Rio Grande do Sul: servidores protestam contra o atraso de salários. governo gaúcho ainda negocia os termos da adesão ao programa de socorro federal (Crédito:Divulgação)

A Secretaria de Fazenda fluminense destaca medidas adicionais para o equilíbrio, como a adoção de sistemas de autorregulação que melhoram a eficiência da cobrança de pendências tributárias. Para a Pasta, contrapartidas previstas no plano de recuperação federal, como redução dos incentivos fiscais, aumento da contribuição previdenciária e o teto de gastos, conduzirão o Estado para a sustentabilidade. “O Regime de Recuperação Fiscal vai permitir um reequilíbrio sustentável e de longo prazo no Estado”, diz a Fazenda, em nota.

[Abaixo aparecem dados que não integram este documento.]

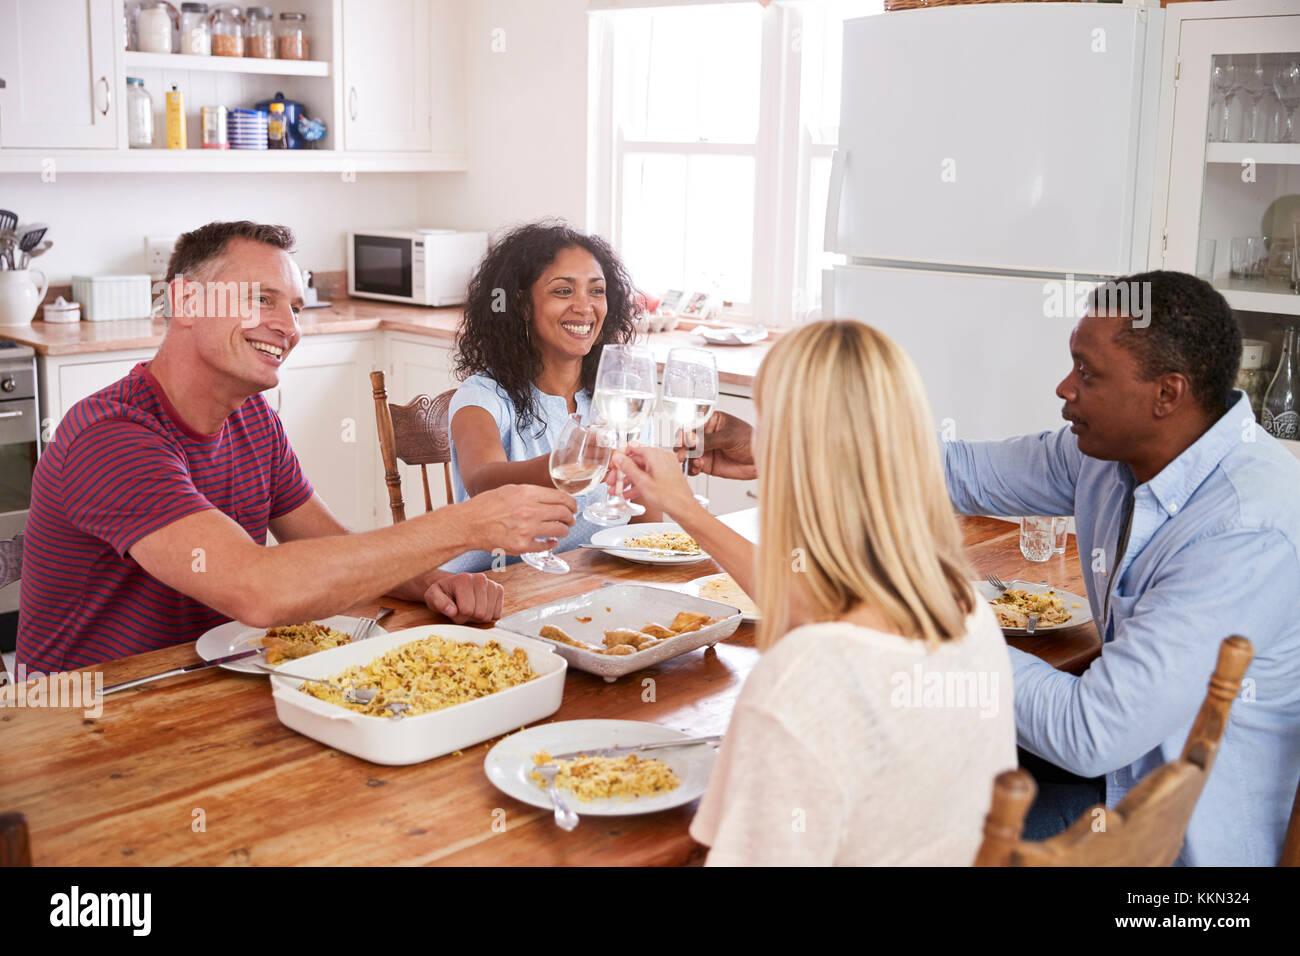 Recevoir Des Amis d'âge mûr pour recevoir des amis à dîner banque d'images, photo
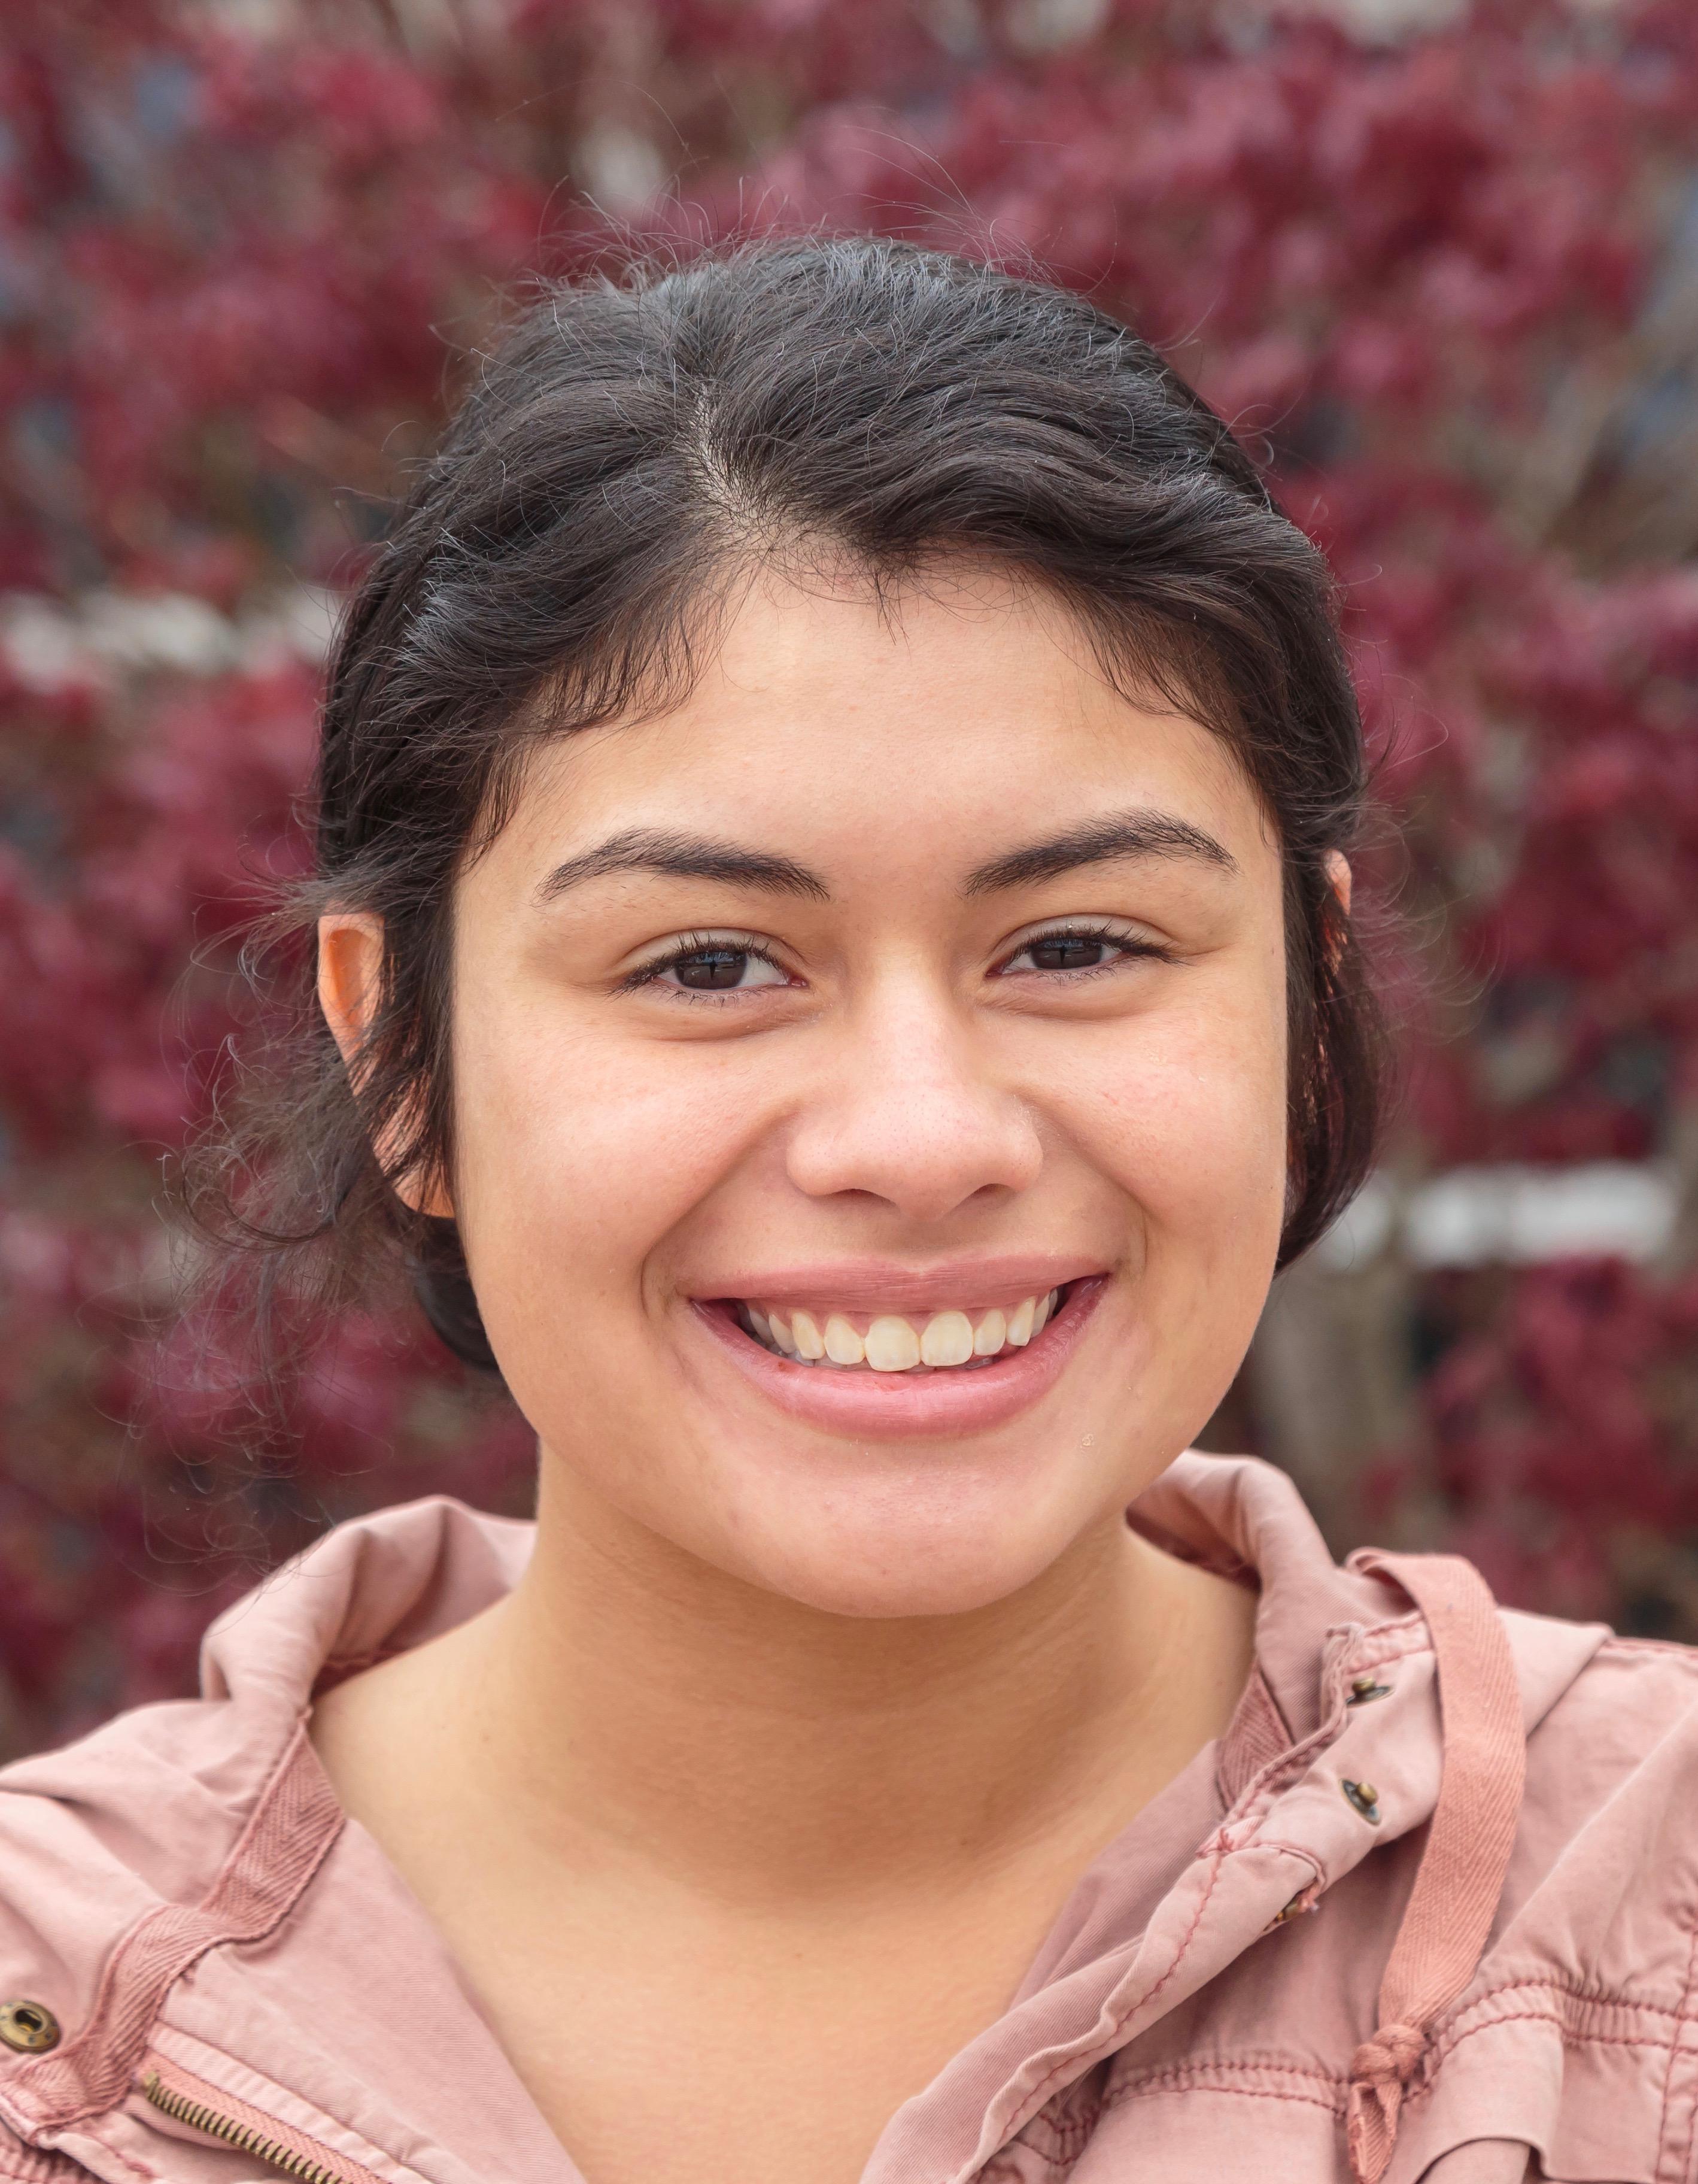 Mikayla Gonzalez

Apesar de uma melhora na relação entre a receita líquida e a despesa com pessoal, a Secretaria reconhece os atrasos de salários de servidores referentes a setembro, outubro e o 130 de 2016, situação que deve ser resolvida com o ingresso dos recursos oriundos do plano, diz a Pasta. Nem todas as propostas passam pelo crivo político. O Rio Grande do Sul coleciona derrotas nas tentativas de privatizar três estatais. “O Estado tem um exagero de estatais e insiste, por motivos ideológicos, em se manter presente nas mais diversas áreas”, afirma o líder do governo no Legislativo, Gabriel Souza (PMDB). “Precisa focar nas áreas mais importantes e não consegue porque está envolvido nas que não deveria.” As privatizações são necessárias para a adesão ao socorro federal.

Passando o chapéu: em reunião com Maia, em Novembro, governadores cobraram projetos que ampliam verbas estaduais (Crédito:Divulgação)

Para resgatar a sustentabilidade dos cofres estaduais, será preciso atacar desequilíbrios estruturais. A Previdência é o principal deles. Nos três Estados, é a conta dos inativos que sufoca a capacidade de prestar serviços. Somente em 2016, os aportes dos Tesouros estaduais aos sistemas de aposentadoria somaram R$ 79,5 bilhões, uma conta que não para de crescer. “Ou se resolve o gasto com o pessoal ou não tem saída”, diz Marcos Lisboa, ex-secretário de Política Econômica do Ministério da Fazenda e presidente do Insper. Assim como outros especialistas, Lisboa sugere uma atuação política dos governadores para defender a reforma federal e medidas no Judiciário que dão segurança institucional para atacar o gasto com o pessoal, como a redução de jornada e a alta da alíquota previdenciária. “No limite, os Estados vão enfrentar uma agenda igual à da Grécia.”

No estudo sobre os Estados, a Firjan elenca medidas adicionais de ajustes. Nos cálculos da entidade, um programa de concessões, privatizações e vendas de ativos poderia levantar R$ 22,4 bilhões no Rio de Janeiro se concluído na totalidade. Além disso, há sugestões de regras para a geração de superávits nos Estados e de limites para os restos a pagar. Mesmo se adotadas na íntegra, não há expectativa de melhora imediata. “Certamente esses Estados vão ficar no fio da navalha nos próximos anos”, afirma Guilherme Mercês, economista-chefe da Firjan. “Recuperação fiscal é algo demorado.” Procuradas pela DINHEIRO, as secretarias de Fazenda mineira e gaúcha não responderam aos pedidos de entrevista.